Condemning UK Home Secretary Suella Braverman's "discriminatory and xenophobic" remarks against Pakistani men, the Pakistan Foreign Office (FO) warned of the serious repercussions of such comments, media reports said.
The FO said Braverman’s remarks on Pakistani men painted a “misleading picture signalling the intent to target and treat British-Pakistanis differently.”
The British minister has been accused of "peddling extremist far-right lies" about Pakistanis after she singlled out British Pakistani men over concerns about grooming gangs as she accused authorities of turning a "blind eye" to signs of abuse involving young people, Geo News reported.
In a recent interview with Sky News, the UK minister said that the "systematic and institutional failure to safeguard the welfare of children when it comes to sexual abuse" was one of the biggest scandals in British history.

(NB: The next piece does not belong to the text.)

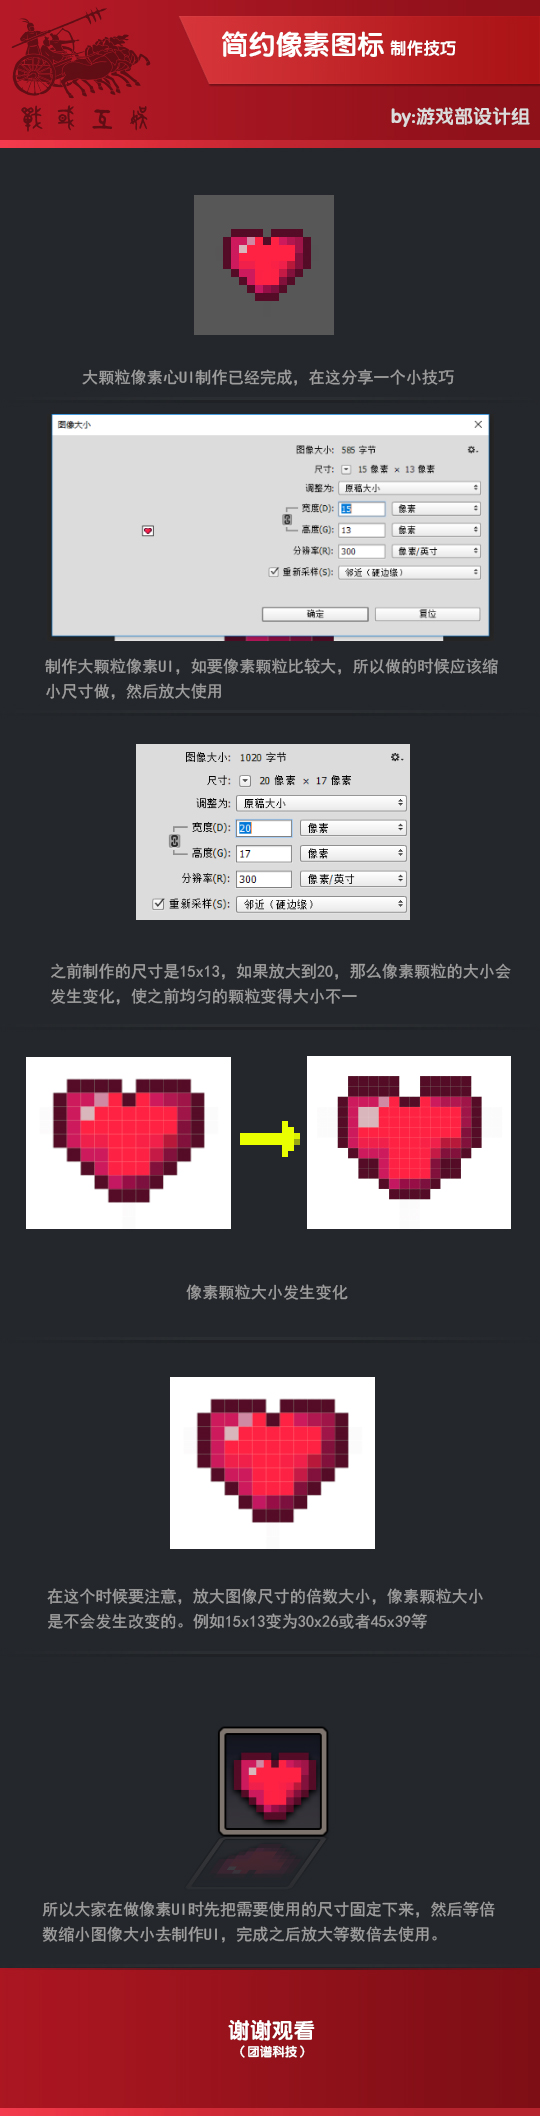 王琪-像素UI设计.jpg

"What's clear is that what we've seen is a practice whereby vulnerable white English girls, sometimes in care, sometimes who are in challenging circumstances, being pursued and raped and drugged and harmed by gangs of British-Pakistani men who've worked in child abuse rings or networks," she had stated.

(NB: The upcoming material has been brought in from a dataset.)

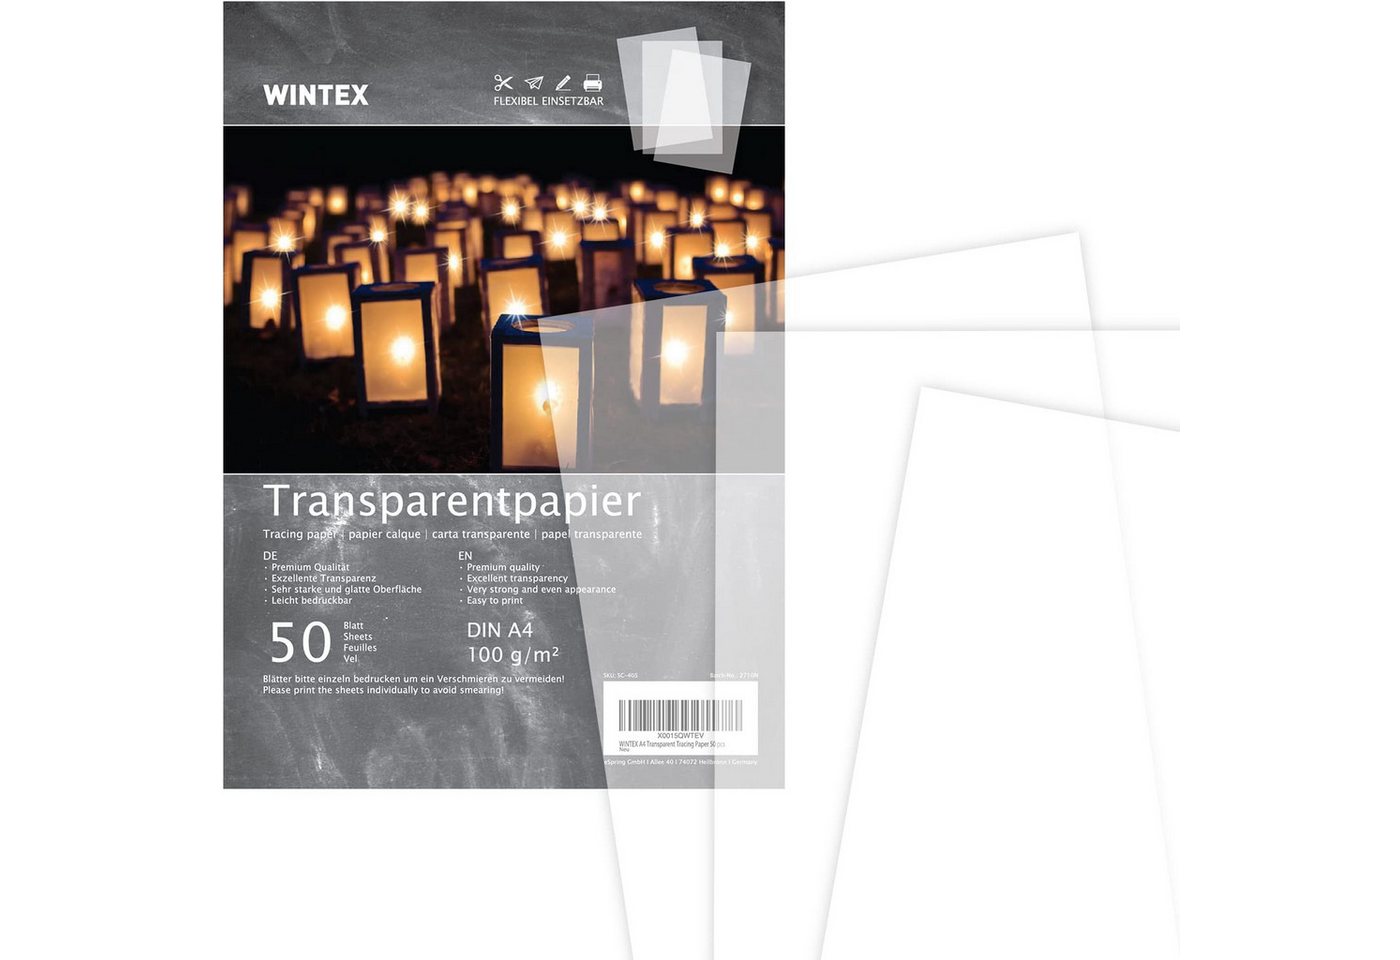 WINTEX Transparentpapier Transparentpapier A4 50 Blatt 100g/qm, Transparentpapier DIN A4 50 Blatt 100g/qm von WINTEX

FO spokesperson Mumtaz Zahra Baloch, in Wednesday's press briefing, warned that such comments would give "rise to dangerous trends."
Braverman had also been warned by the National Society for the Prevention of Cruelty to Children (NSPCC) that sexual predators do not just come from "one background" and that a focus solely on race could create new "blind spots" when tackling child abuse.
The NSPCC had criticised the UK Home Secretary and expressed its shock at her hatred towards Pakistanis and singling them out.